D. Unvested Shares. The Administrator shall have the discretion to grant Stock Options which are exercisable for unvested shares of Common Stock. Should the Participant cease Service while holding such unvested shares, the Company shall have the right to repurchase, at the exercise price paid per share, any or all of those unvested shares. The terms upon which such repurchase right shall be exercisable (including the period and procedures for exercise and the appropriate vesting schedule for the purchased shares) shall be established by the Administrator and set forth in the document evidencing such repurchase right; provided, however, that no such repurchase right shall be exercised by the Company earlier than six (6) months following the later of (i) the date on which the Stock Option is granted or (ii) the date of which the Stock Option is exercised.
E. Limited Transferability of Stock Options. During the lifetime of the Participant, an Incentive Stock Option shall be exercisable only by the Participant and shall not be assignable or transferable other than by will or by the laws of descent and distribution following the Participant's death.
II. Incentive Stock Options
The terms specified below shall be applicable to all Incentive Stock Options. Except as modified by the provisions of this Section II, all the provisions of Articles One, Two and Three shall be applicable to Incentive Stock Options. Stock Options which are specifically designated as Non-Statutory Stock Options shall not be subject to the terms of this Section II.

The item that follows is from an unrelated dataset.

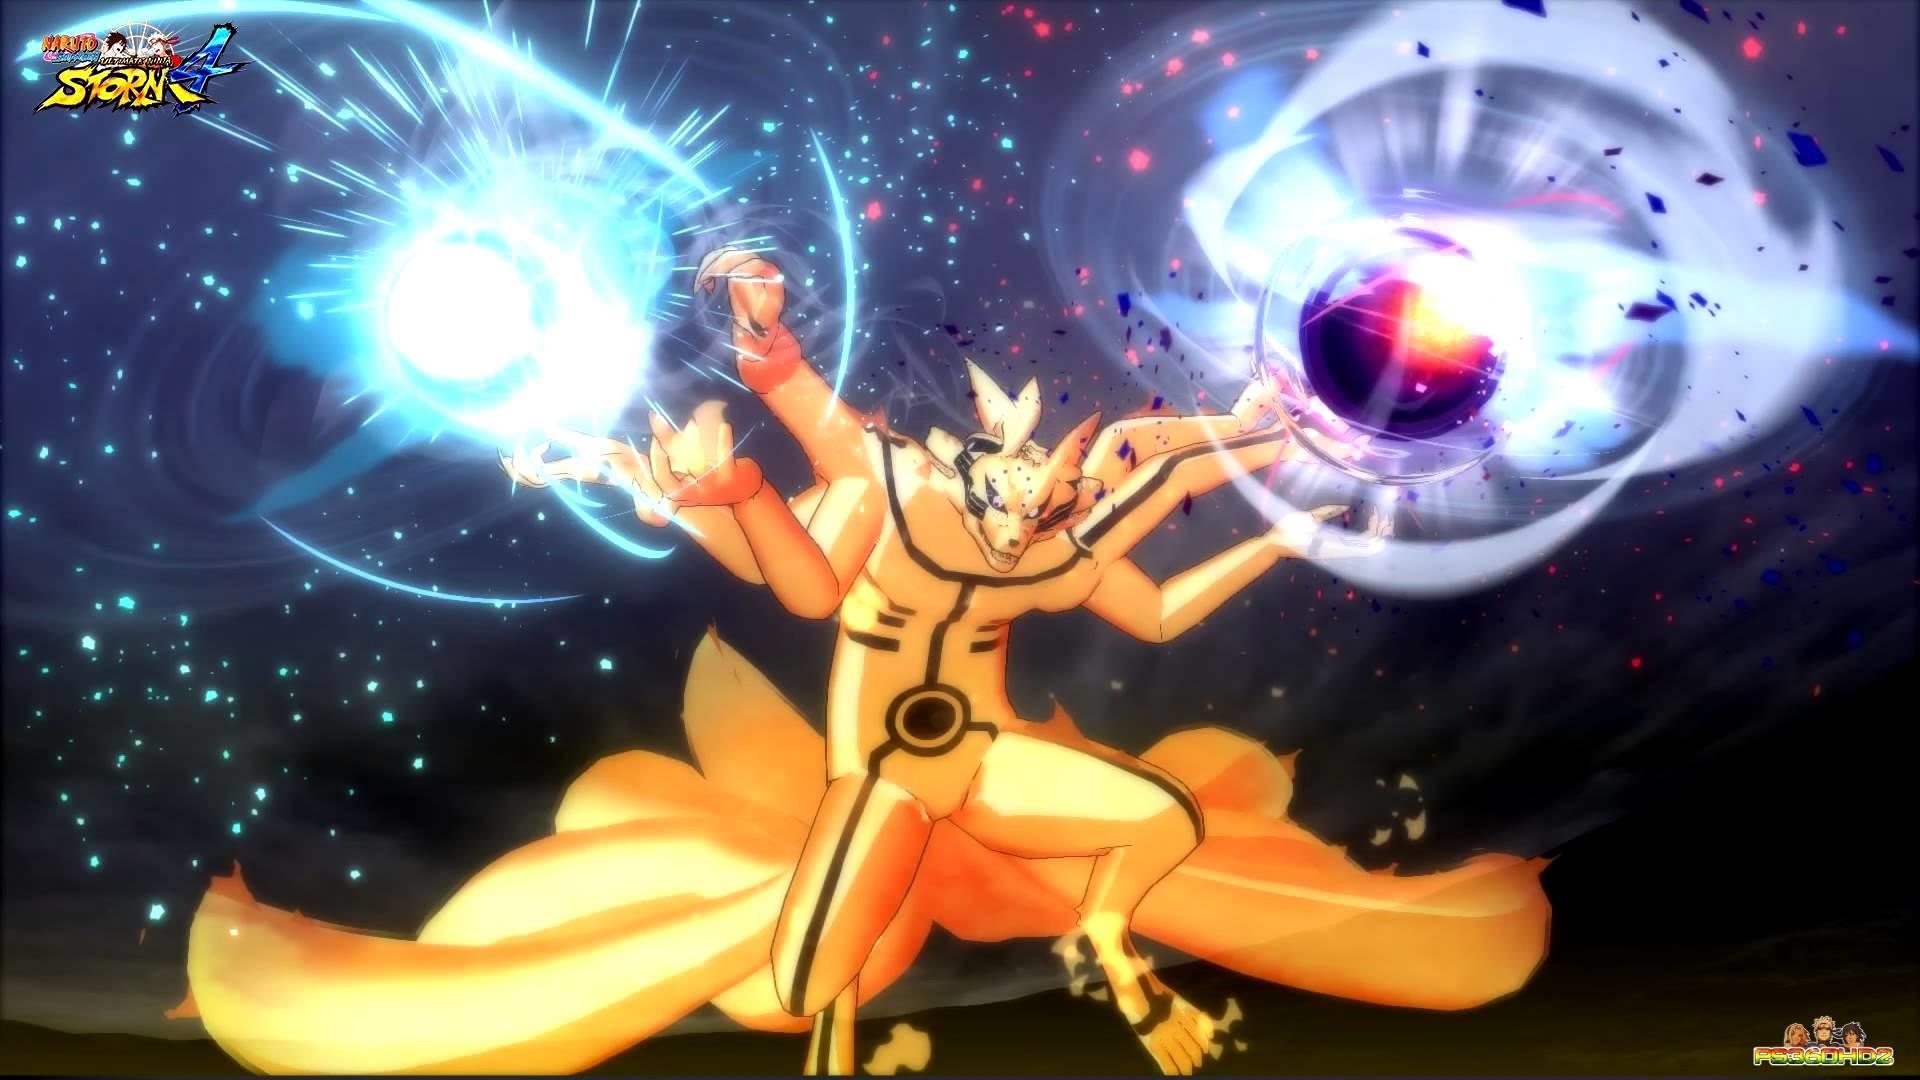 Naruto Shippuden Ultimate Ninja Storm 4 – Sasuke vs Naruto Screenshots

A. Eligibility. Incentive Stock Options may only be granted to Employees.
B. Exercise Price. The exercise price per share shall not be less than one hundred percent (100%) of the Fair Market Value per share of Common Stock on the option grant date, provided, however, that in the case of an Incentive Stock Option granted to a 10% Shareholder, the exercise price per share of Common Stock purchased upon the exercise of such Incentive Stock Option shall be such amount as the Administrator shall, in its best judgment, determine to be not less than one-hundred and ten percent (110%) of the Fair Market Value on the date such Incentive Stock Option is granted.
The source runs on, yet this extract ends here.